Written by Zakia Moulla | Jan 19, 2024 8:45:02 AM

With an average estimate of one transdermal product receiving FDA approval every 2.2 years, transdermal drug delivery has emerged as a multi-billion-dollar industry. Offering numerous advantages, transdermal drug delivery systems are considered an effective alternative to oral drug delivery and intravenous injections. Continue reading to delve into the products, types, and benefits of transdermal drug delivery systems.

 

1. What are transdermal drug delivery systems?

Commonly referred to as patches, transdermal drug delivery systems (TDDS) are dosage forms developed to deliver a therapeutically effective amount of a drug directly through the patient's skin into the bloodstream. Due to their ease of administration, excellent patient convenience and adherence, TDDS offer an advantageous alternative to oral drug delivery systems like tablets or syrups. They find applications not only in pharmaceuticals but also in the skincare industry, including cosmetics.  
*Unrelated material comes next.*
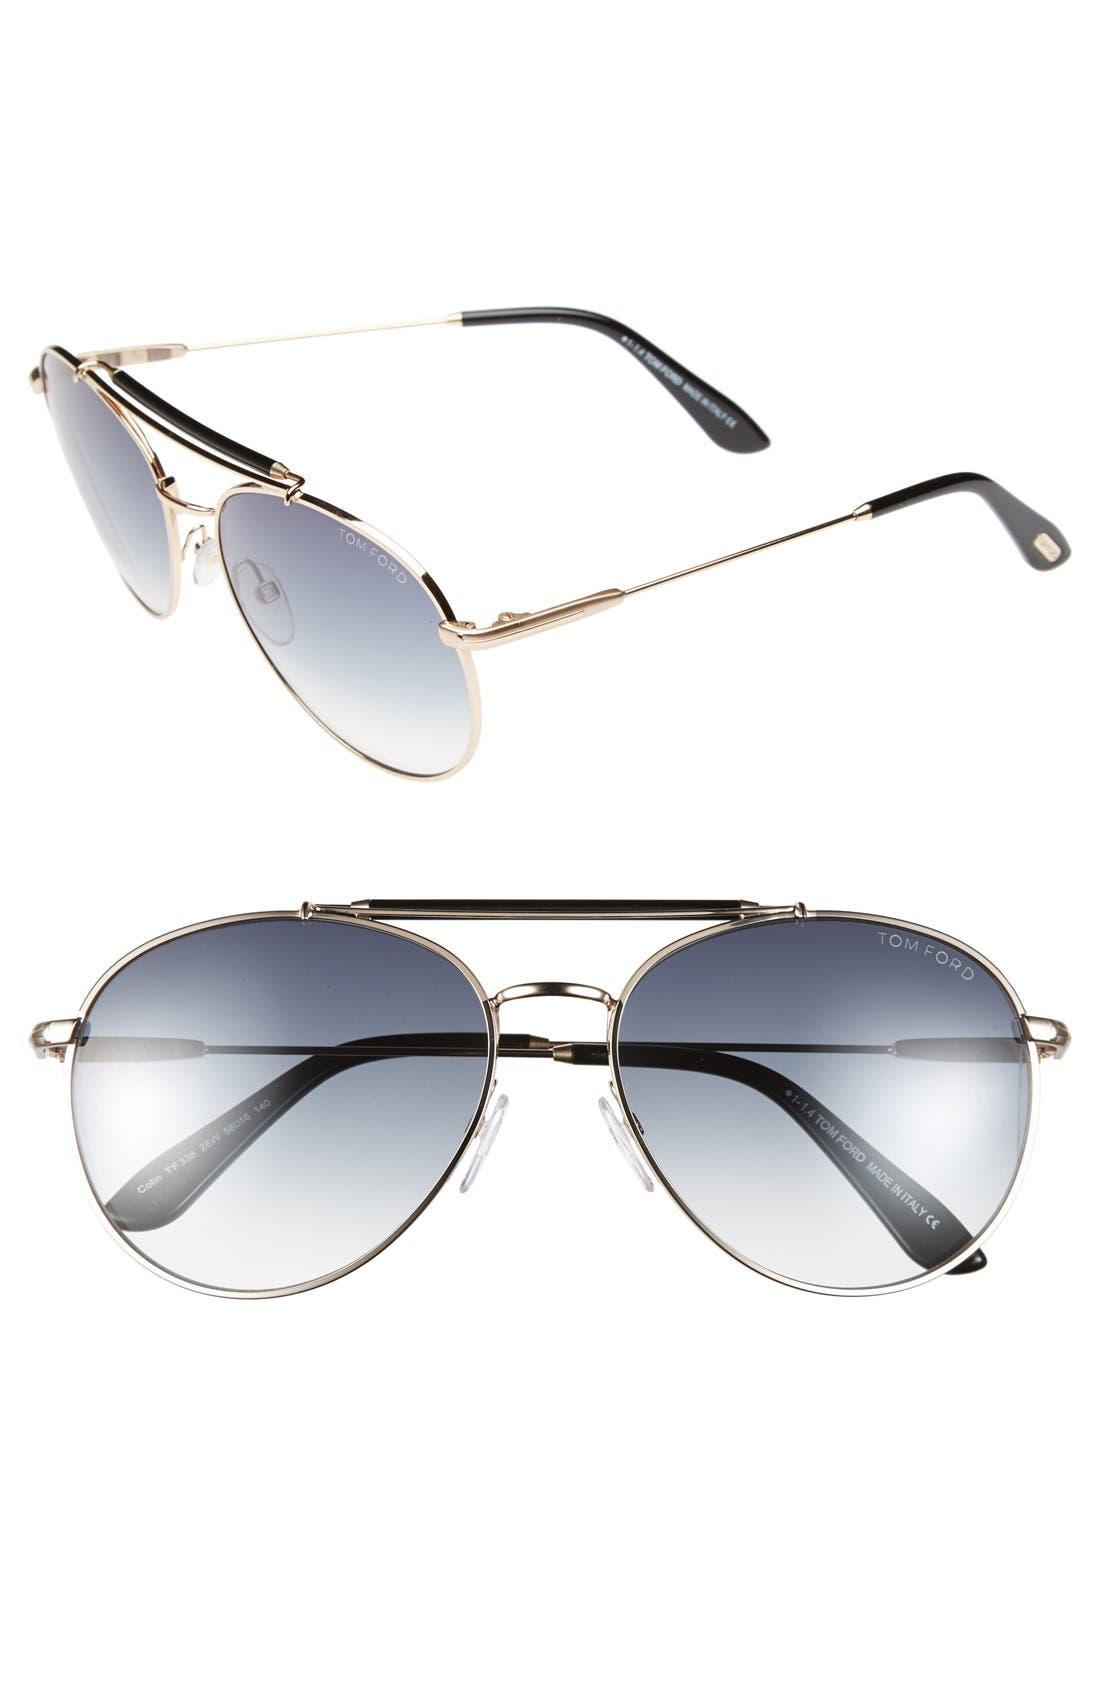 Main Image - Tom Ford 'Colin' 58mm Aviator Sunglasses

Transdermal drug delivery systems are specifically designed for systemic treatments by delivering drugs through the patient’s skin. Offering controlled release and maintaining continuous efficacy of the drug, they are considered an effective drug delivery method. The drug released from TDDS initially permeates the skin through the stratum corneum progressing through the epidermis and dermis without accumulating the active ingredient in the dermal layer. Once the drug reaches the dermal layer, it is released for systemic absorption via the dermal microcirculation.
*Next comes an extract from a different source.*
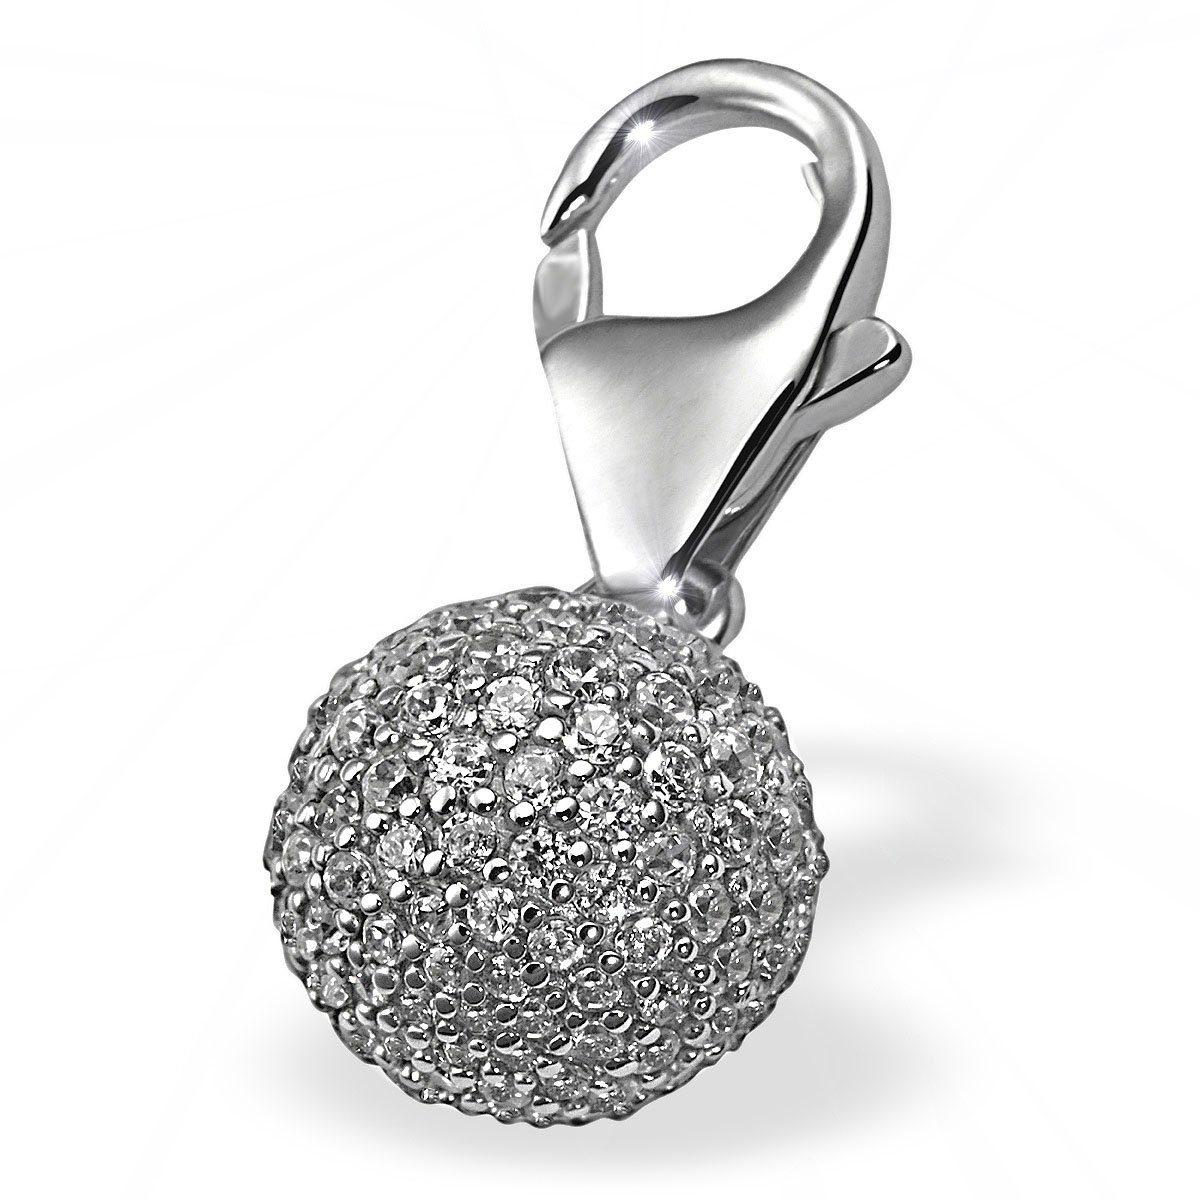 Averdin Charm Silber 925/- Kugel mit 151 Zirkonia

Overall, transdermally applied drugs are safely and conveniently delivered to children and elderly patients, treating a wide range of conditions and diseases. These include moderate to severe menopausal vasomotor symptoms, Alzheimer’s disease, ADHD, major depressive disorder, chronic pain management, and various other conditions.

 

2. Transdermal drug products:

The world's first transdermal system for the systemic administration of drugs was a three-day scopolamine patch for treating motion sickness, approved in the United States in 1979. Just a generation later, the first blockbuster transdermal product, the nicotine patch, significantly increased the perceived value of transdermal delivery among the healthcare community and the general population. Nowadays, there are numerous transdermal delivery systems for drugs like oestradiol, fentanyl, and testosterone. Additionally, there are combination patches containing multiple drugs for contraception and hormone replacement.

This is a list of Drug Products in some transdermal patches available on the current market:

 

 

3. Types of transdermal patches:

Transdermal patches are generally categorized into four groups based on their manufacturing types: drug-in-adhesive (DIA), reservoir, matrix, and micro-reservoir systems.

1. Drug-in-Adhesive System (DIA):

The patch comprises a layer of adhesive containing the active ingredient. Upon application, the adhesive layer adheres to the skin and gradually releases the drug during the wearing period.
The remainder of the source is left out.